> [Exercise instructions]: Write out nothing but the lines from the one containing "Lyst - adidas" through the last line below, both included, and without the pictures.

> [Stored data]:
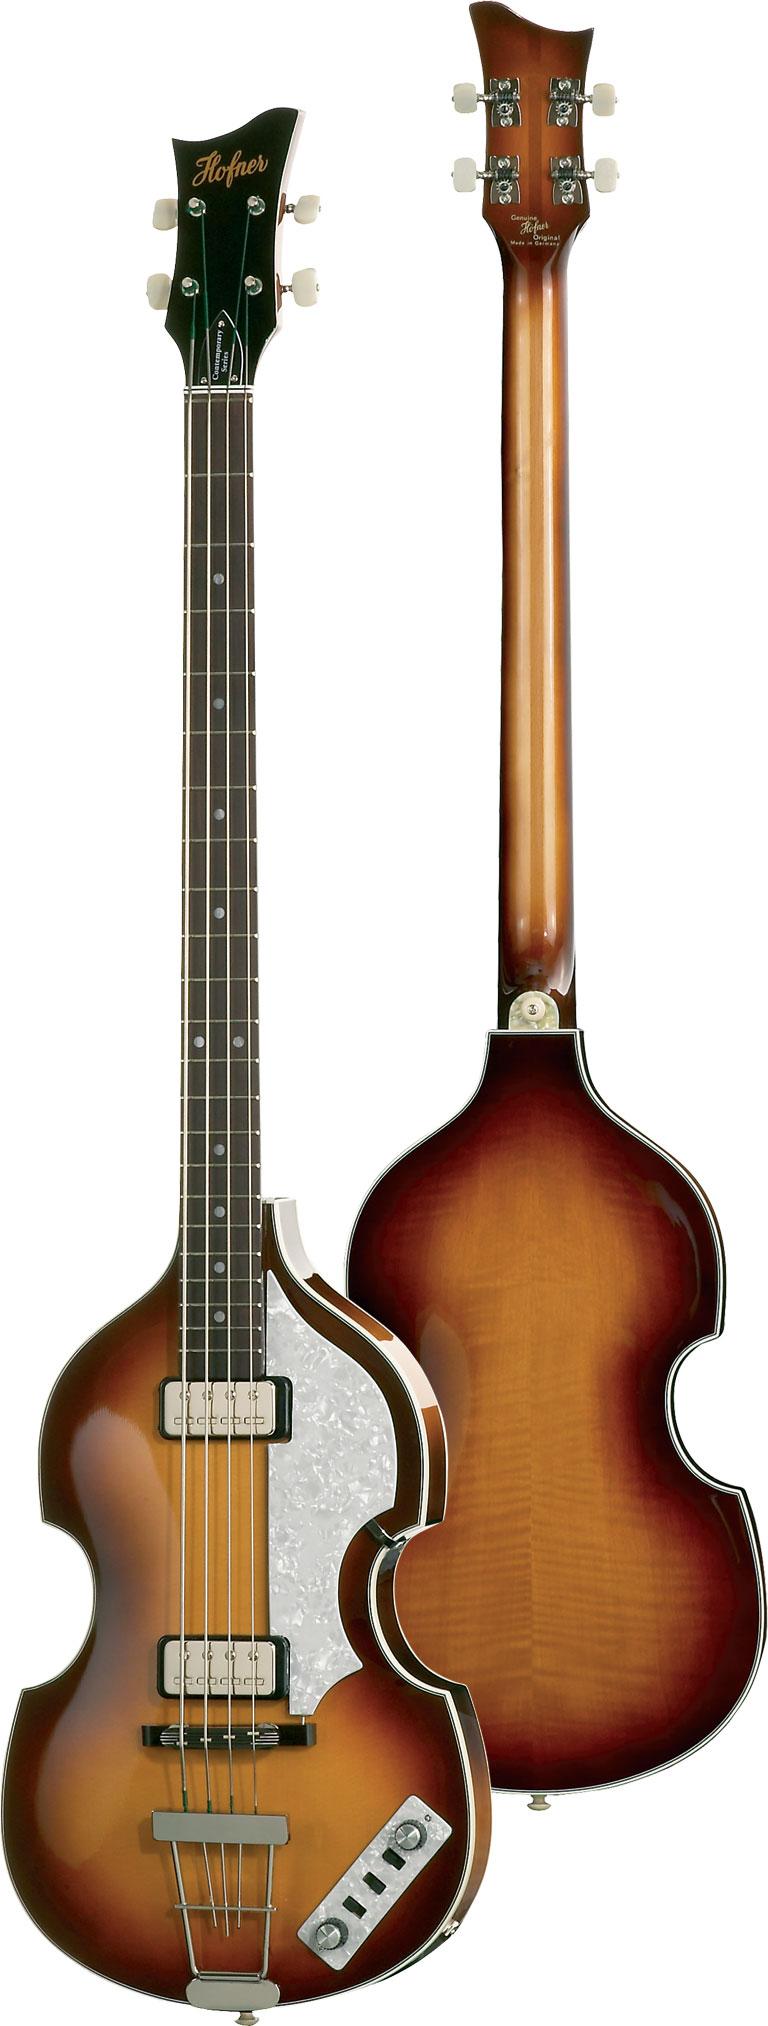 Hofner HCT Violin Bass Sunburst Lefthanded
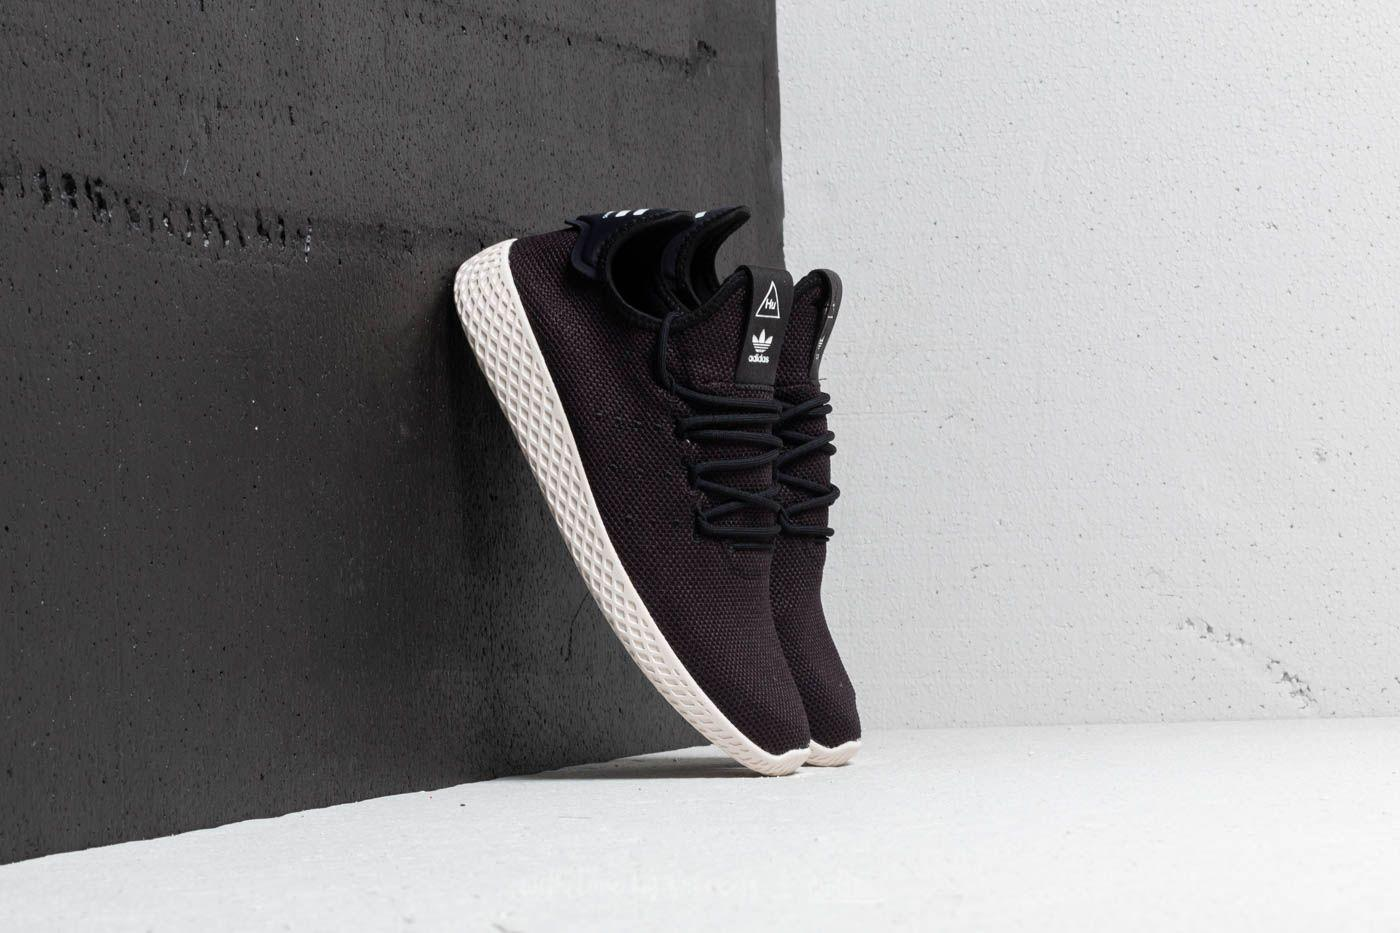 Lyst - adidas Originals Adidas Pw Tennis Hu Core Black  Core Black ... c1e2d3ed1
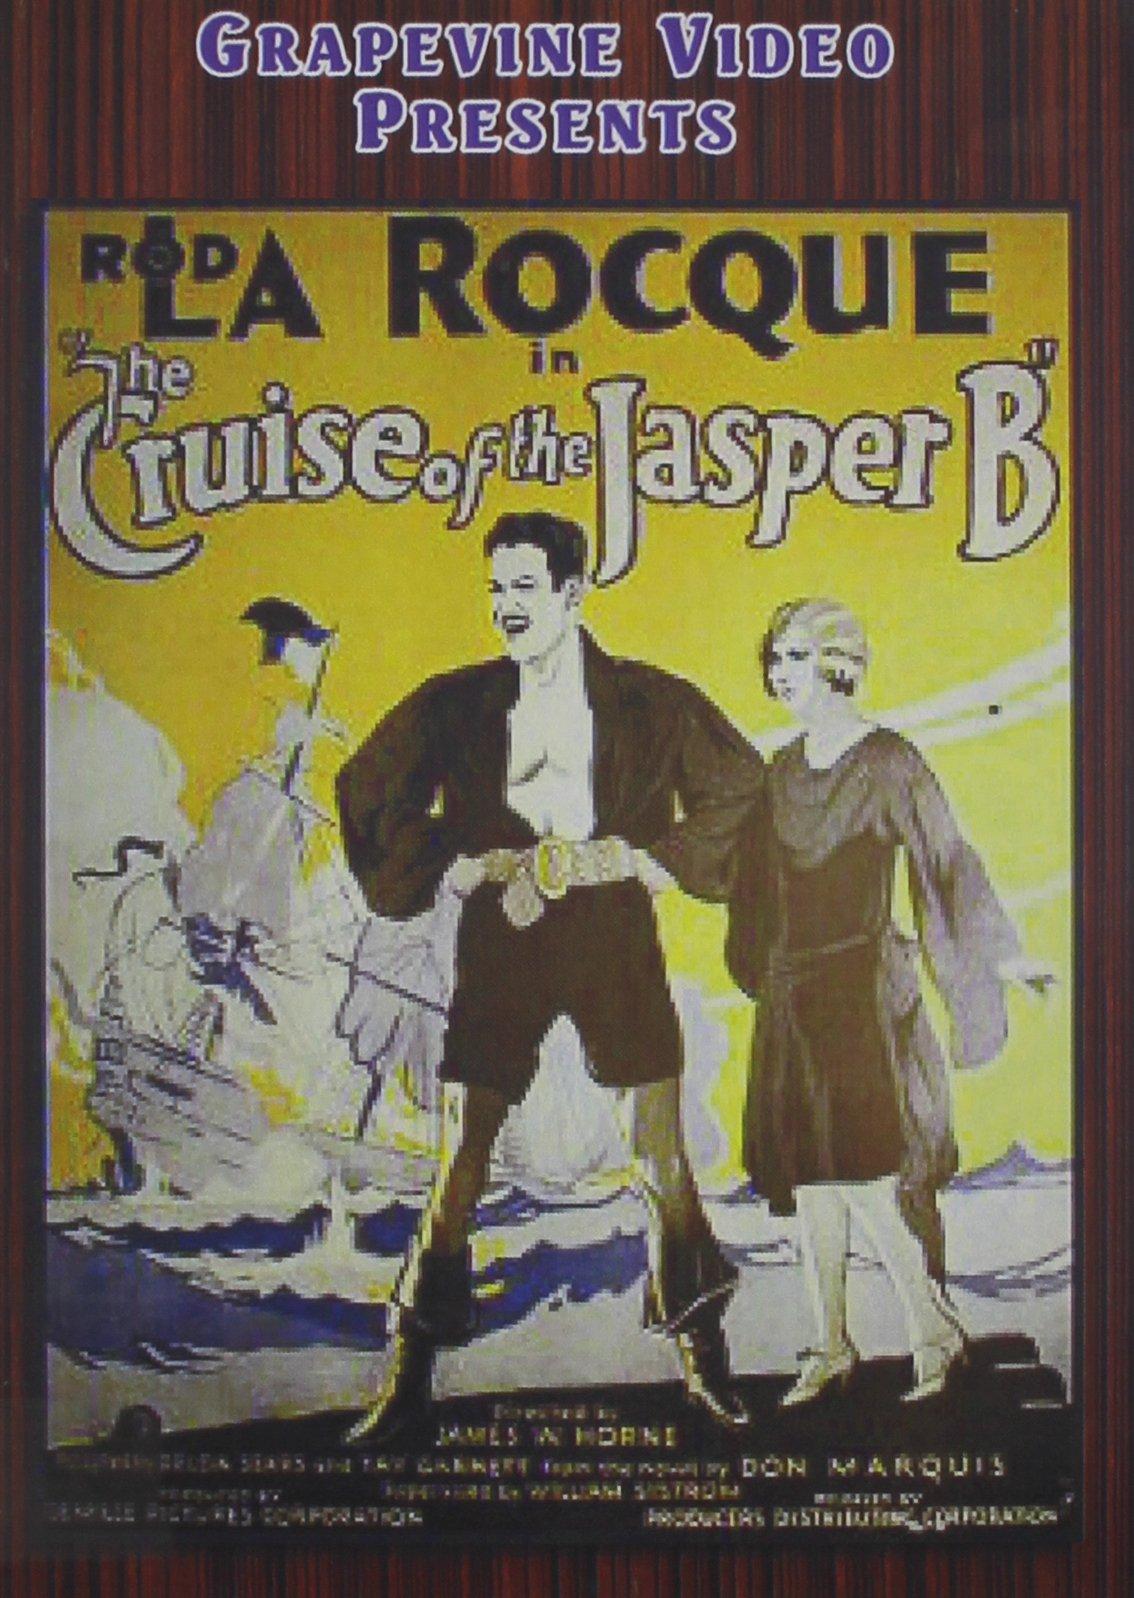 DVD : The Cruise Of The Jasper B (DVD)

> [Task response]:
 Lyst - adidas Originals Adidas Pw Tennis Hu Core Black  Core Black ... c1e2d3ed1
 DVD : The Cruise Of The Jasper B (DVD)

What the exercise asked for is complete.